ABOUT THIS EXERCISE
When you reach the line containing "Ведро мусорное с", start transcribing exactly and continue through the last line of the data, skipping every picture.

DATA SEGMENT
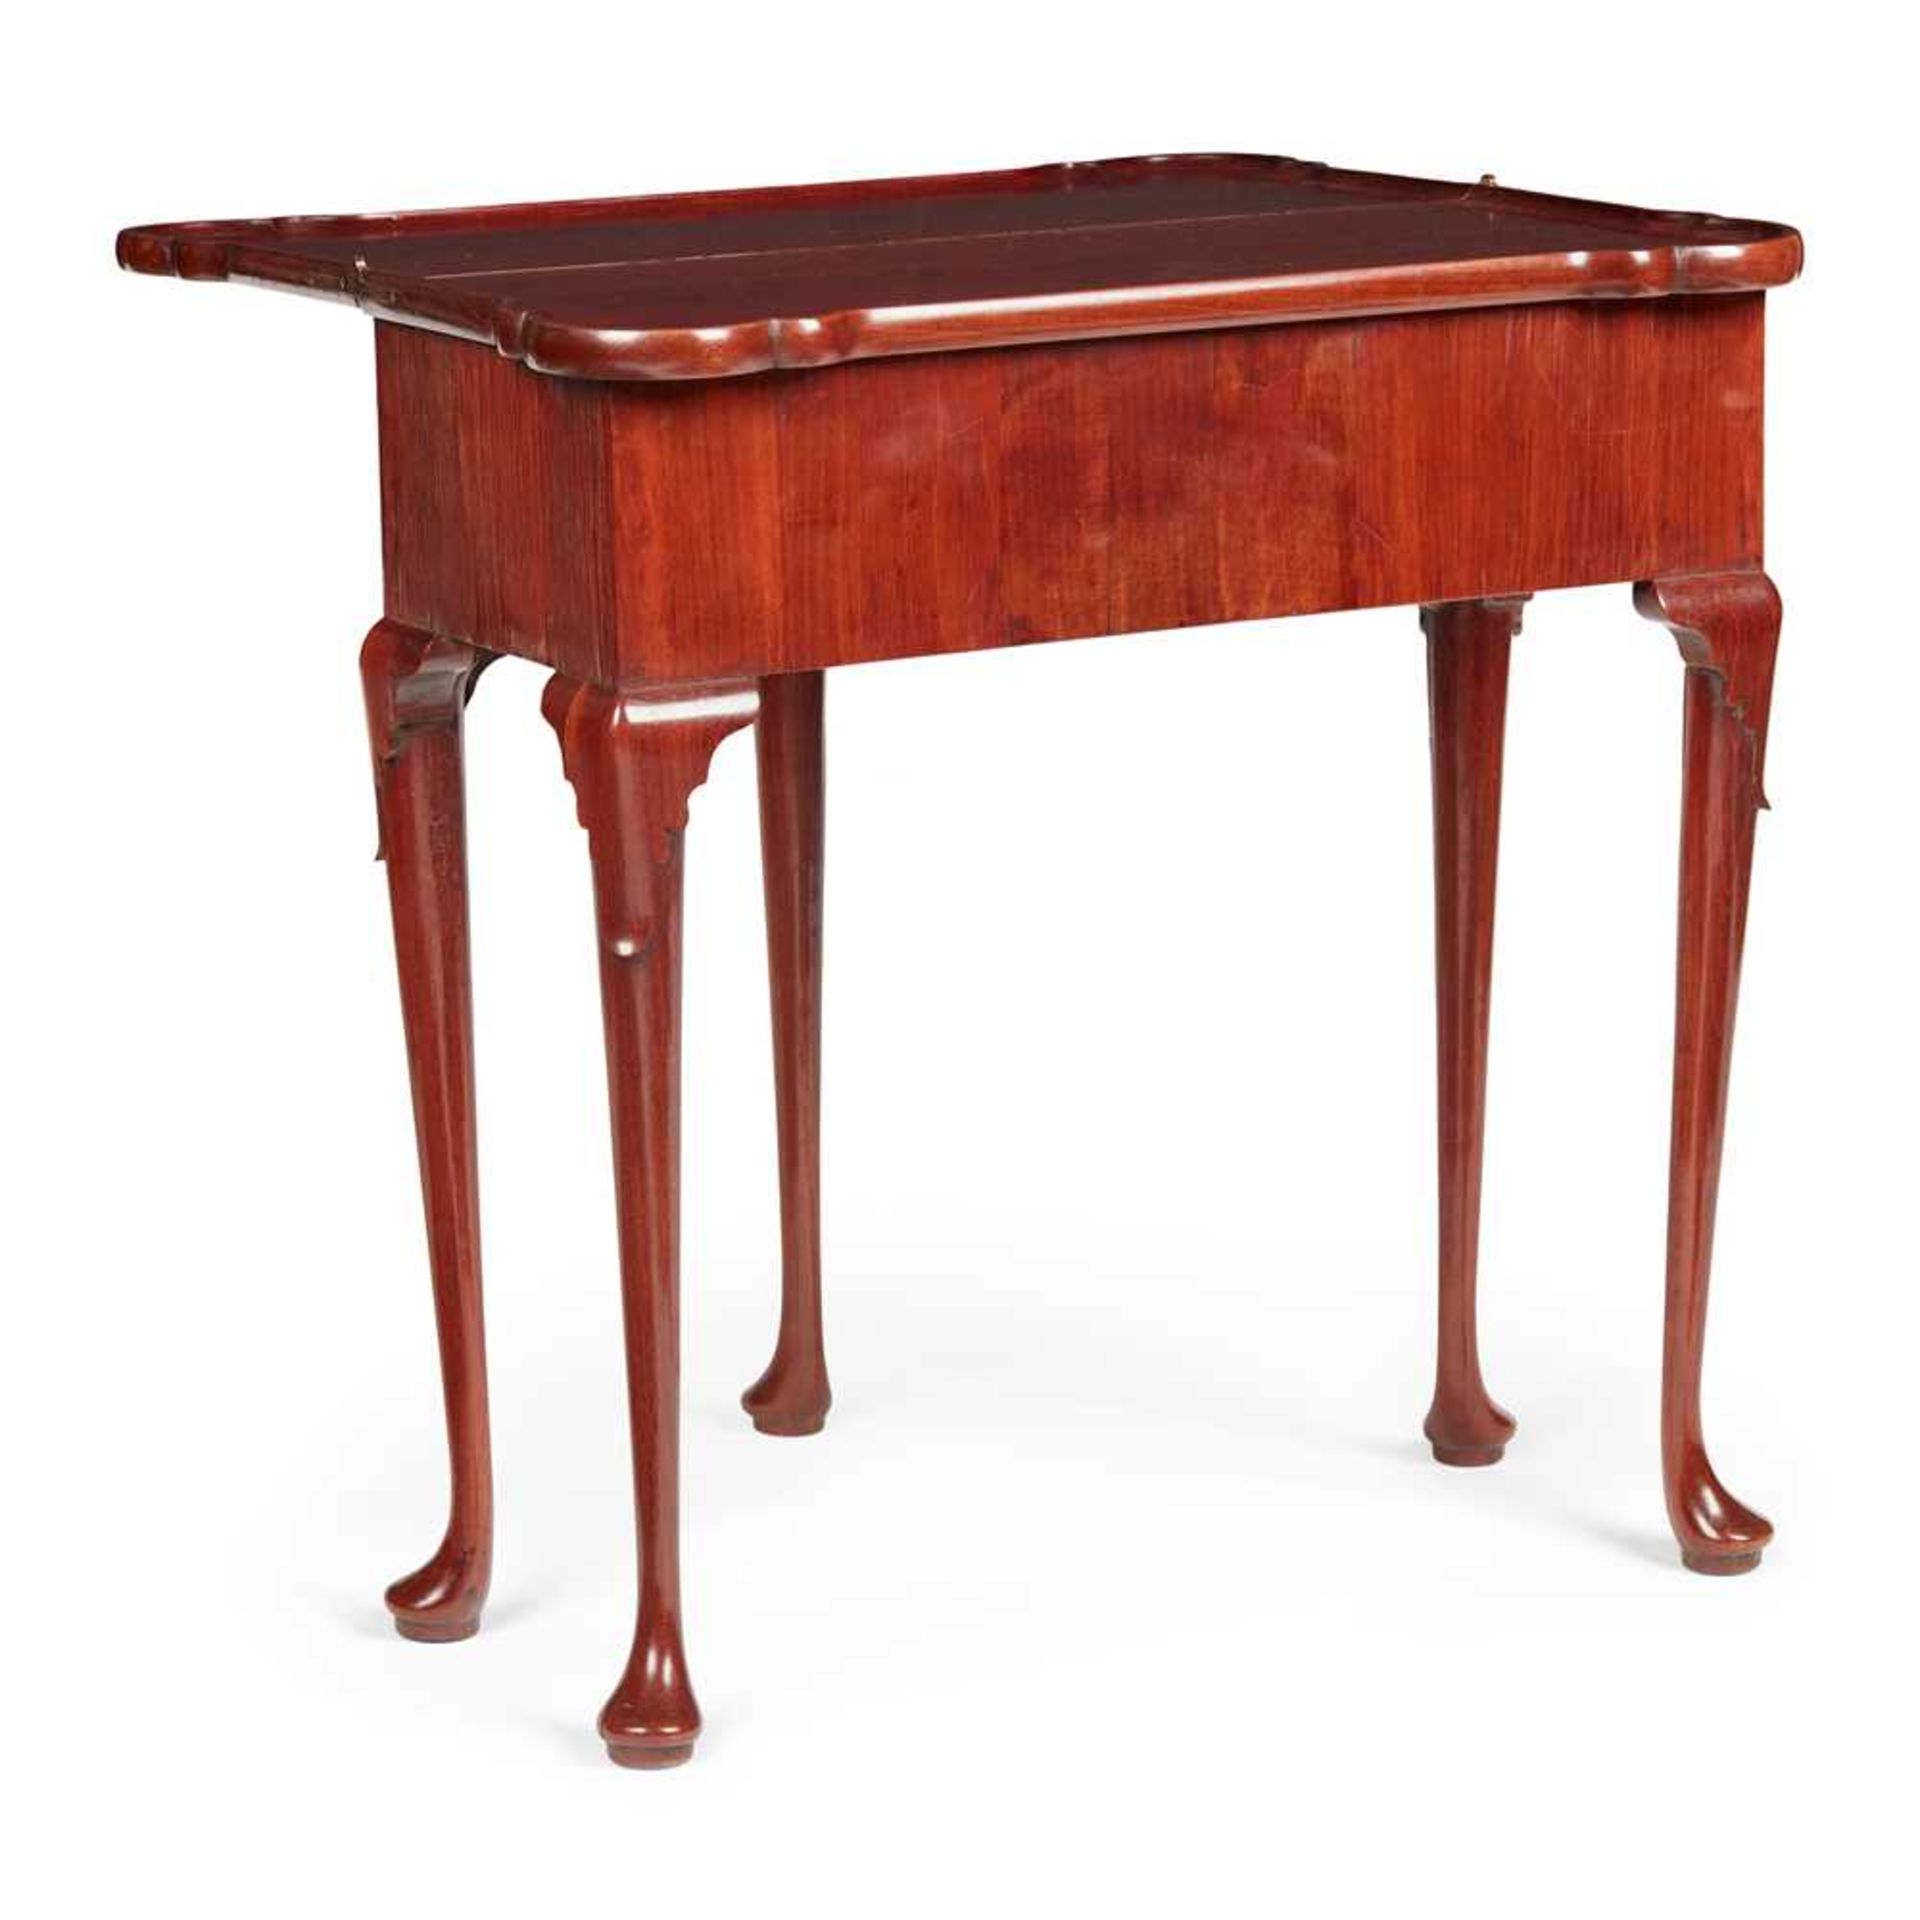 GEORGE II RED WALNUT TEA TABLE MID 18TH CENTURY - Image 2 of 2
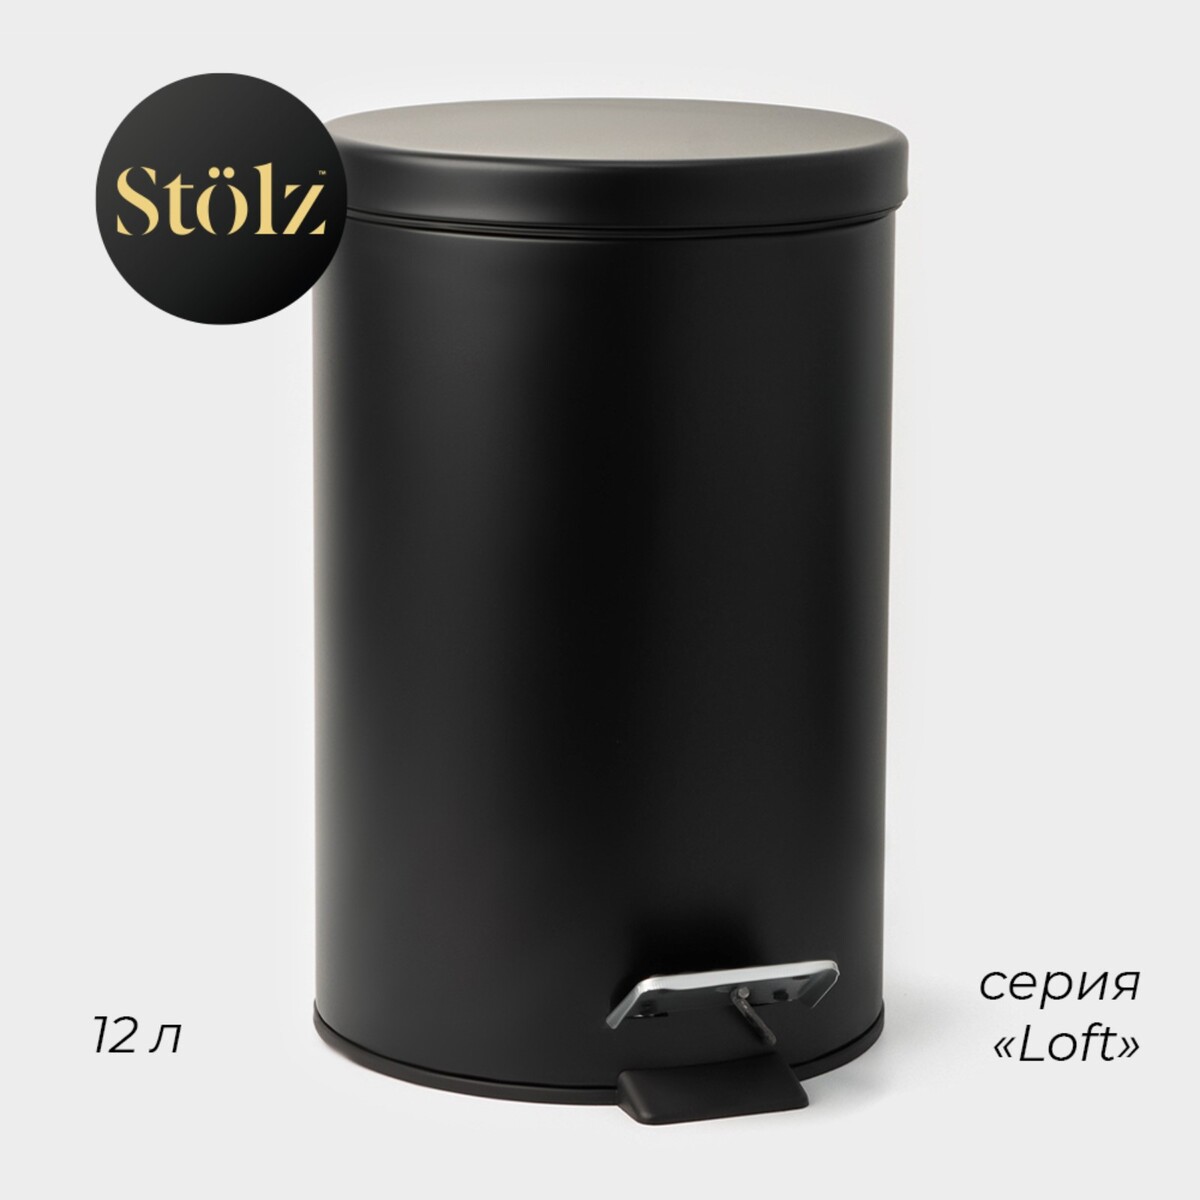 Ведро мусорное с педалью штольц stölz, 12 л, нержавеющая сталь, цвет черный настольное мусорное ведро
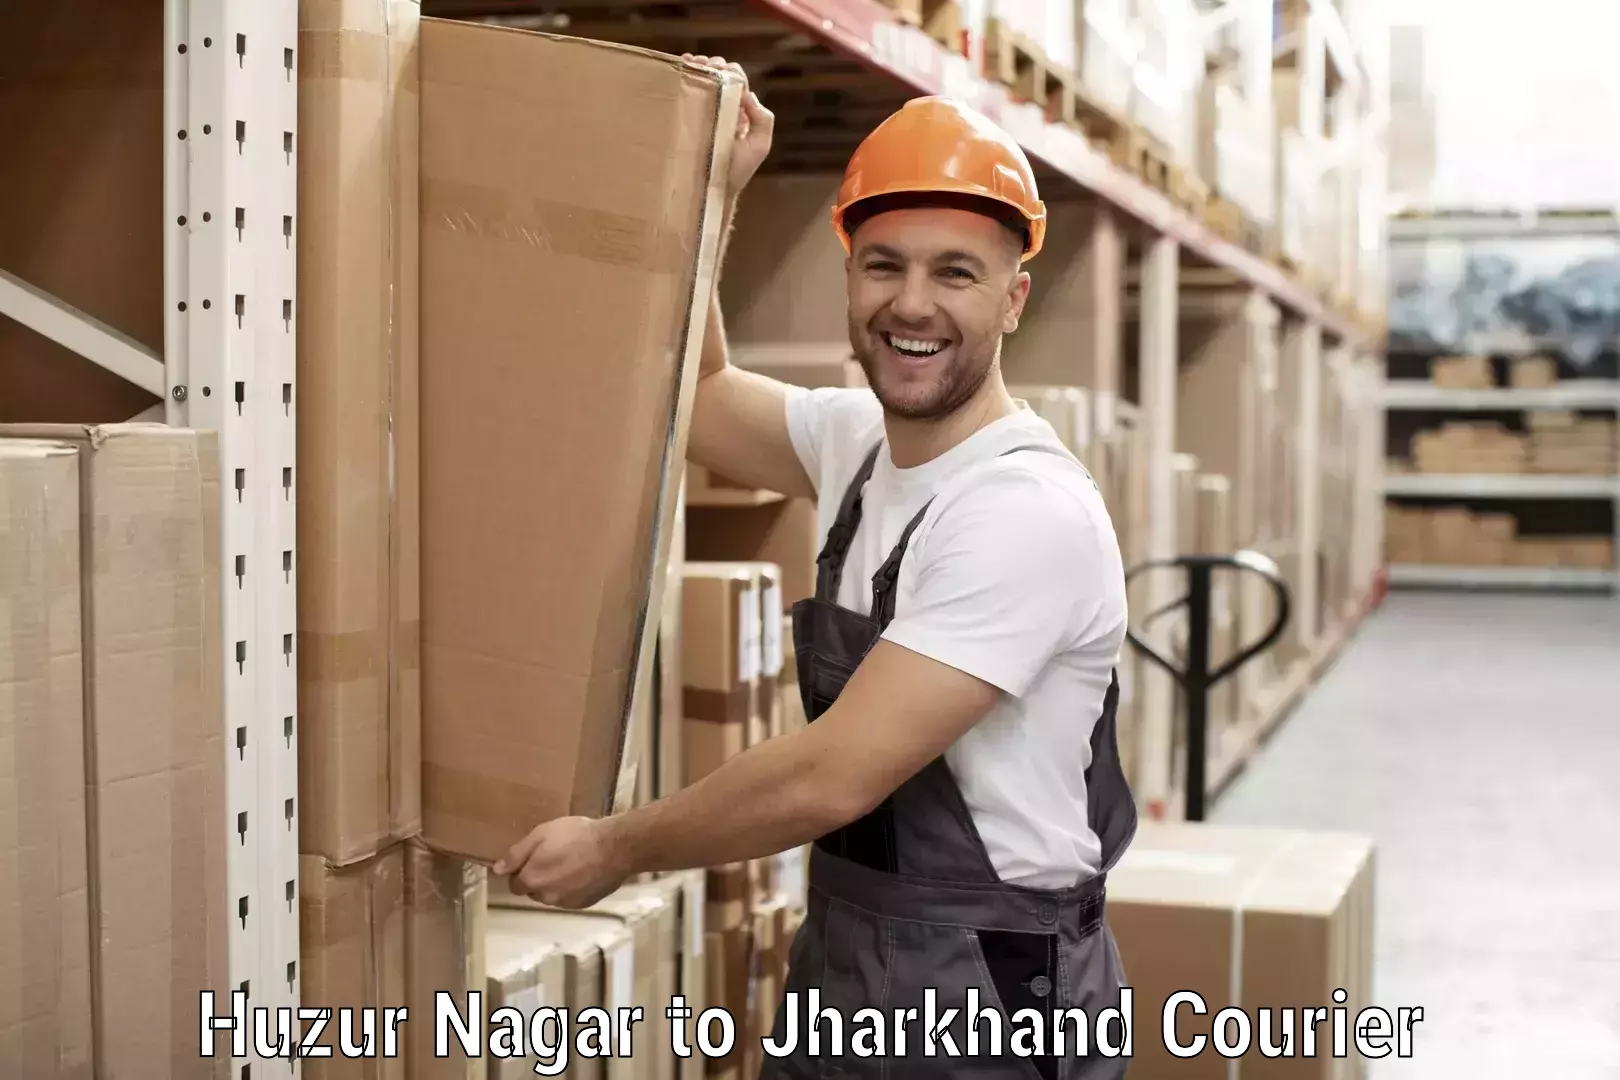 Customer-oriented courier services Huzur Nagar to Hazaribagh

ANSWER SPACE
 Ведро мусорное с педалью штольц stölz, 12 л, нержавеющая сталь, цвет черный настольное мусорное ведро
 Customer-oriented courier services Huzur Nagar to Hazaribagh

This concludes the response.